On July 3, 2025, the U.S. Supreme Court granted certiorari in a case that will determine whether Idaho’s 2020 law prohibiting transgender women and girls from participating in women’s sports violates the Equal Protection Clause of the Fourteenth Amendment.
The Idaho law, known as the Fairness in Women’s Sports Act, bans transgender females from competing on teams designated for women and girls in public schools and colleges. The law’s challengers argue that it unlawfully discriminates based on both sex and transgender status. The case arises from a preliminary injunction issued in 2020, which has allowed Lindsay Hecox, a transgender woman and Boise State University student, to participate in club-level women’s sports during her college years.
The state of Idaho contends the law protects fairness in athletics by recognizing “average real differences” between sexes and excluding males from female categories, regardless of gender identity. It has cited Ninth Circuit precedent and aims to preserve separate athletic spaces based on biological sex.
However, in its June 2024 decision, the Ninth Circuit Court of Appeals upheld the injunction in favor of Hecox, applying heightened scrutiny due to the law’s discrimination on both sex and transgender status. The panel ruled the law likely fails constitutional review because it categorically excludes transgender girls and women, including those with hormone suppression, without sufficient justification. The court emphasized that the Act did not appear to be substantially related to the state’s goal of ensuring fair competition, particularly in light of Hecox’s consistent failure to qualify for NCAA teams.

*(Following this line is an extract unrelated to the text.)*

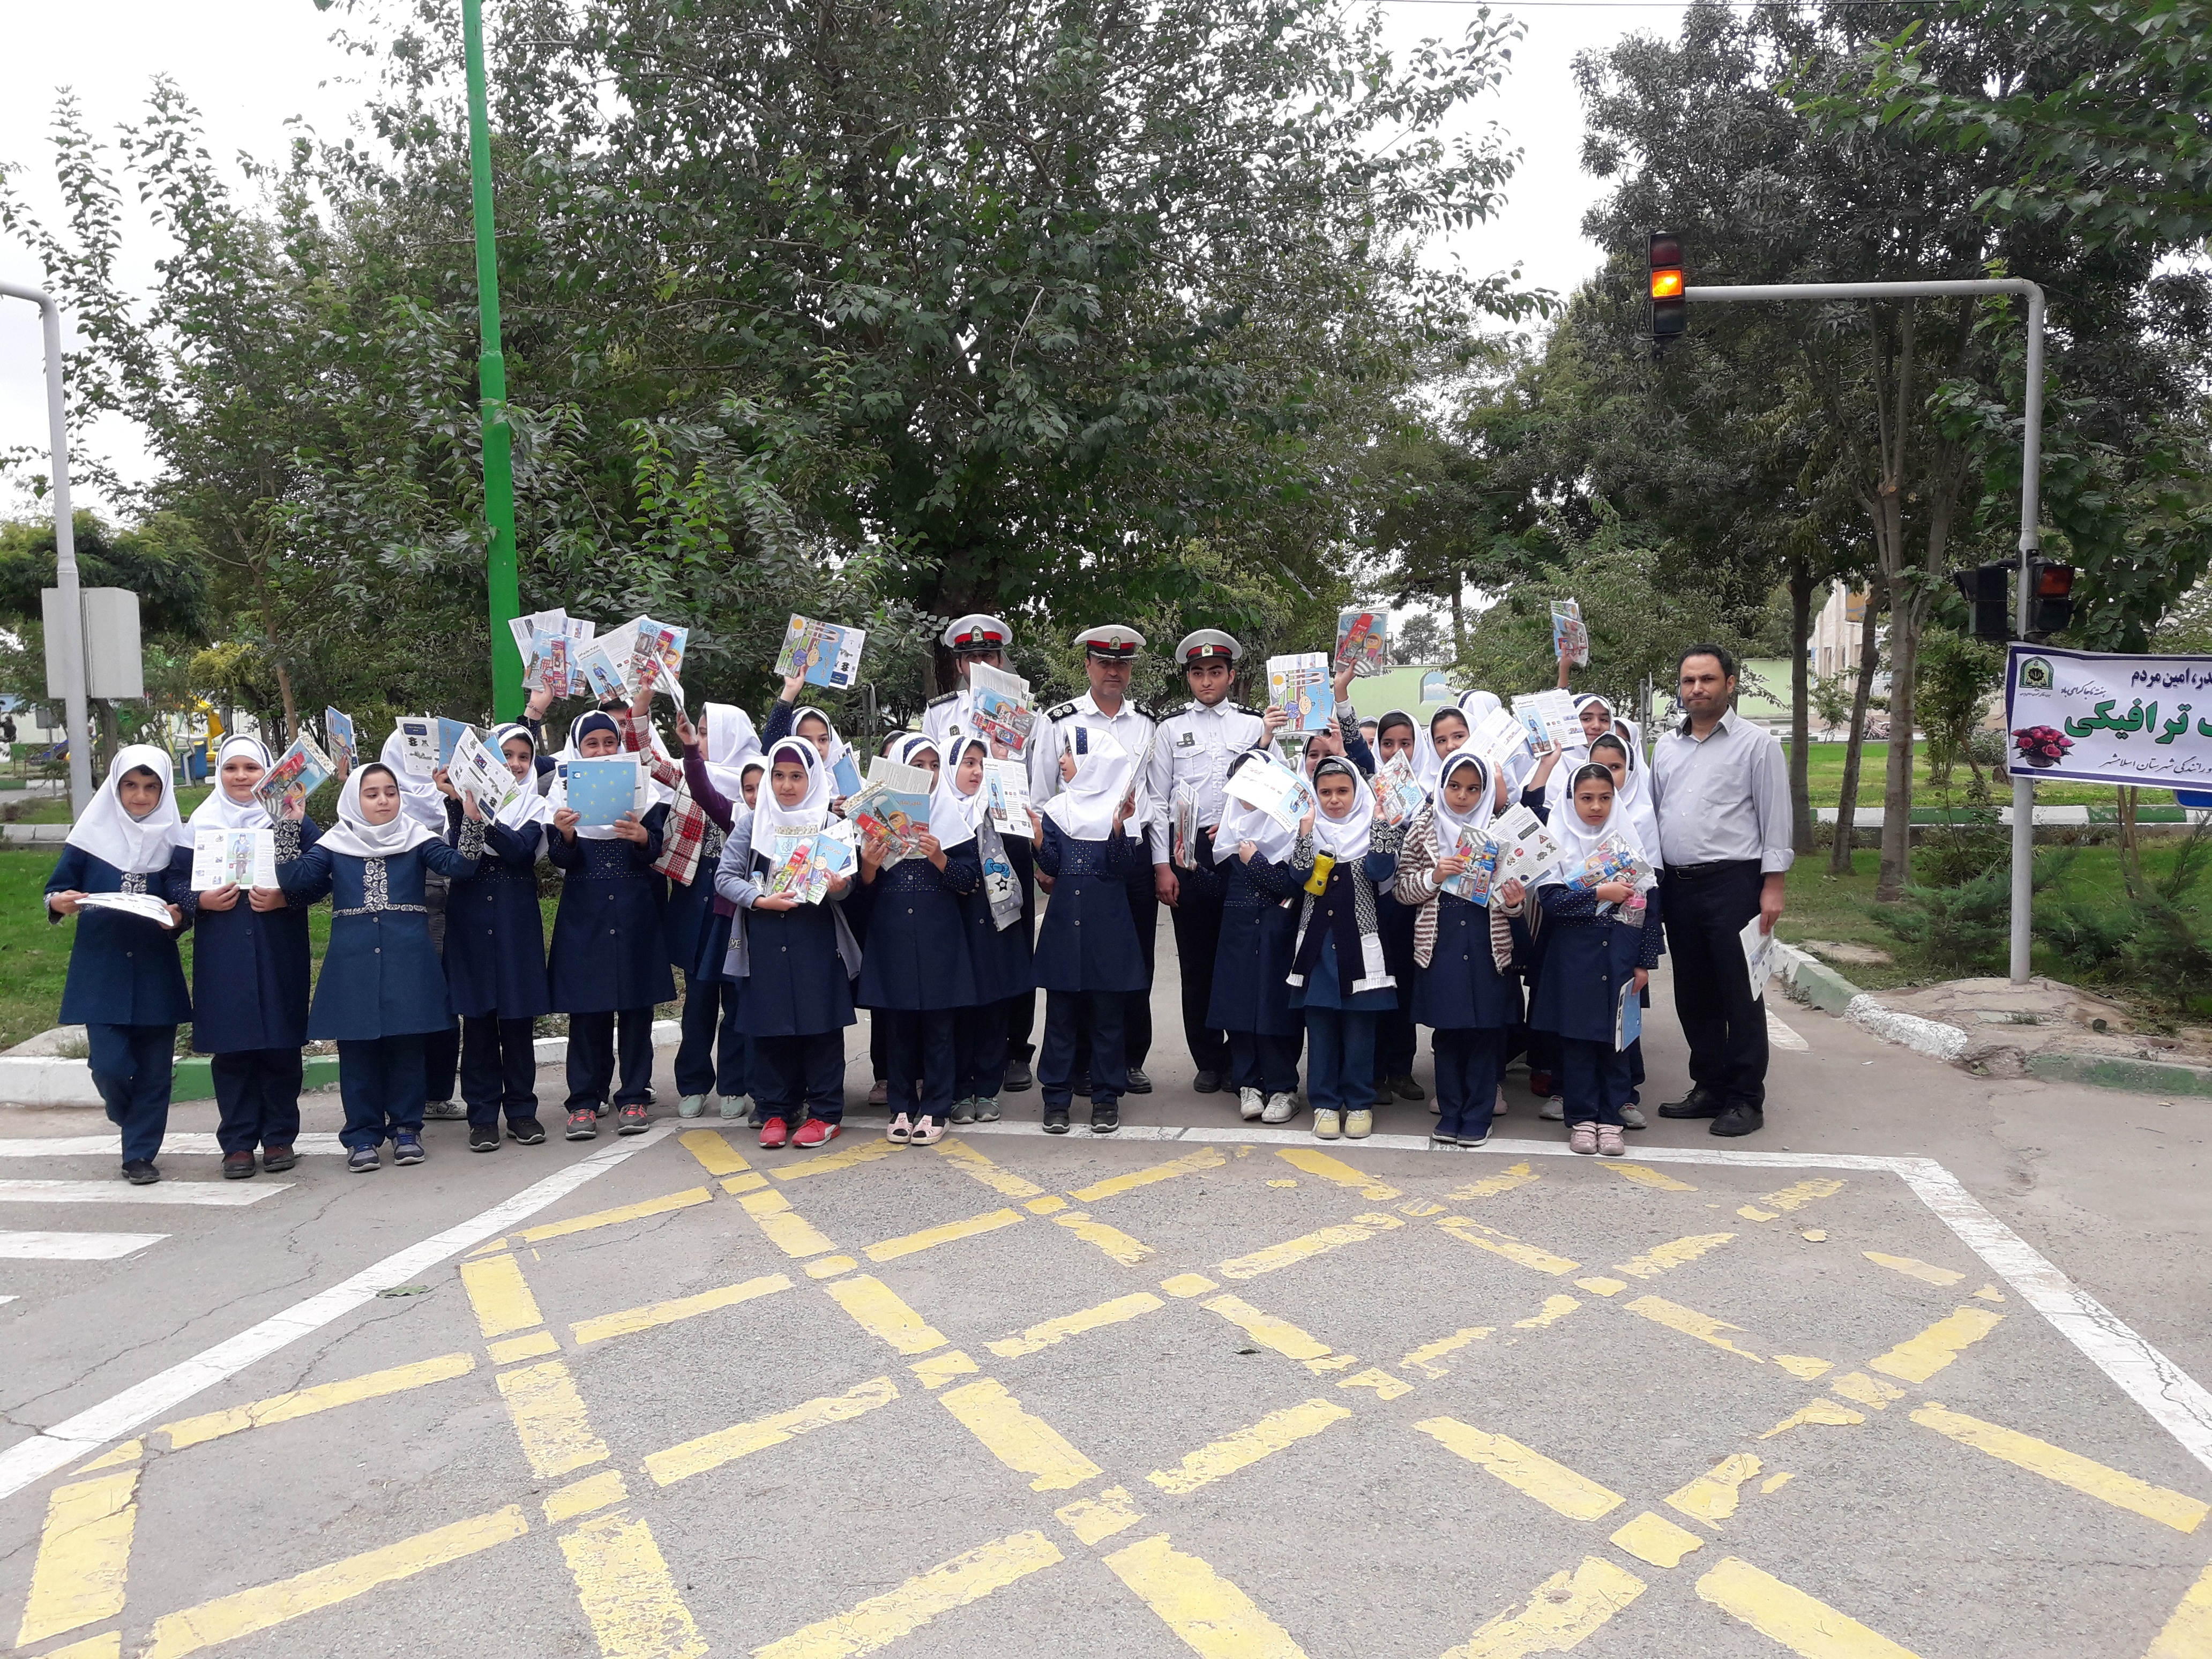 آموزش فرهنگ ترافیک به دانش آموزان دبستان دخترانه حضرت جواد الائمه (ع) در پارک ترافیک

In a narrow ruling limited to Hecox, the court said the law imposed unnecessary and broad restrictions—including invasive verification procedures—that risked deterring participation based on identity rather than fostering fairness. The case, pending for over four years, has now reached the country’s highest court as Hecox nears graduation. Though her individual claim may soon be moot, the Court could choose to proceed on the grounds that the case is “capable of repetition yet evading review”—a doctrine applied when issues are likely to recur but escape judicial resolution due to their time-sensitive nature.
This doctrine has long served to keep similar cases from disappearing simply because the plaintiff’s circumstances change. In this instance, the issue of whether transgender students may participate in school athletics is likely to arise again, particularly as more states enact similar laws and litigation unfolds in lower courts. This case provides the justices an opportunity to address a recurring constitutional question with nationwide implications.
The broader legal question is how the Equal Protection Clause applies to laws that classify based on sex and transgender status. Can a state categorically exclude transgender girls from girls’ sports without violating the Constitution? Idaho argues yes, based on biological differences, while the Ninth Circuit found the law overly broad and potentially discriminatory, especially when applied to someone like Hecox who underwent hormone therapy and never qualified for elite teams.
The Ninth Circuit applied heightened scrutiny, which requires the state to show that its classification serves an important objective and is closely related to that goal. It found Idaho’s law lacking in both evidence and tailoring. The Court also emphasized that further fact-finding at trial would be necessary to evaluate any claimed athletic advantage more fully.
If the Supreme Court agrees with the Ninth Circuit, it could affirm that transgender individuals are protected under the Equal Protection Clause, at least in contexts like school sports. If it rules in Idaho’s favor, it could signal a broader acceptance of laws defining athletic participation strictly by biological sex. Either way, the ruling will likely influence ongoing and future litigation on transgender rights in educational settings.